Re: Is immersion important to you?

(Anonymous) 2021-06-27 02:34 am (UTC)(link)
It depends on the media. Some are very easy to get lost in and I enjoy that very much. Others... there are aspects that make it hard to forget you're watching a movie. Bad performances, weak plots, terrible costume/wig choices, etc. Those all prevent total immersion. I might still enjoy what I'm watching, but it's definitely "something I'm watching" and not something I'm immersed in to the point of forgetting it's not real.

Re: Is immersion important to you?

(Anonymous) 2021-06-27 03:04 am (UTC)(link)
I tend to get immersed in books.pinlished lit, fic, manga, graphic novels, whatever.
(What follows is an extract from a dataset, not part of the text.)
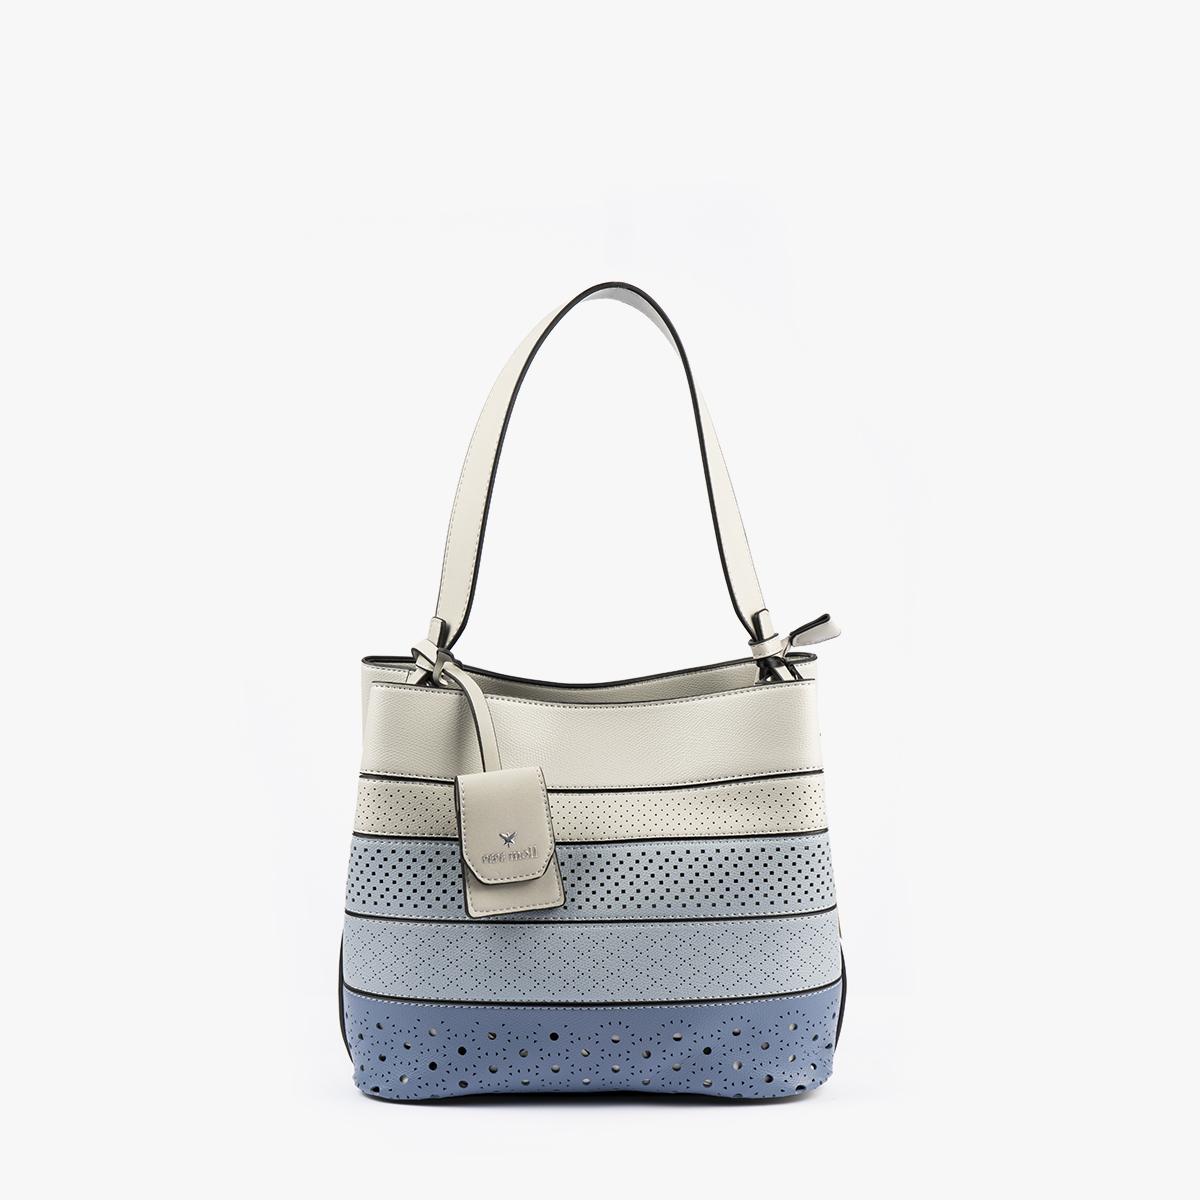 52051 bolso de hombro tricolor azul

Sometimes podcasts. Movies & shoes definitely can drag me in, but books take the cake.i think maybe it's because my brain has to create an image with the words given vs the world shown to me by this other medium.

Re: Is immersion important to you?

(Anonymous) 2021-06-27 02:14 pm (UTC)(link)
It can depend. If I'm just killing time before the next task or something, then immersion not that important to me.

But if I sit down and intentionally invest chunks of my day into something, then absolutely. I want to care about plot, characters, story, music, visuals, etc. Maybe part of it is that I want to forget the world I live in for a little while, but I also like being in other people's worlds too.
meadowphoenix: (Default)

Re: Is immersion important to you?

[personal profile] meadowphoenix 2021-06-27 04:18 pm (UTC)(link)
I do a little of immersion and non-immersion, less so for movies/tv, especially out of a theater, and more so for books and music and plays. For me if I'm watching something with a friend, I'm not going to get immersed at all. Usually that means my brain is on and I'm analyzing the narrative as I go, or I'm watching other people react. The difference for me is how much of my senses I'm actually aware of/I am aware of thinking. That said, I've only taken time to re-acclimatize with books.

Re: Is immersion important to you?

(Anonymous) 2021-06-28 12:55 am (UTC)(link)
Books are by far the most immersive media to me. I've missed (multiple) bus stops, I'm so in the other world you can call my name repeatedly and I just won't hear you.

Movies and TV are less so, I never completely lose awareness that I'm in a room watching a screen, but occasionally I do get so emotionally involved that I have flashes of very hateful, violent feelings towards people who talk during it and break the mood. It's why I don't really like to watch things with friends because if they do that I'm going to think less of them for a while and there's nothing I can do about that (I never say this of course, except the occasional sshhh, please).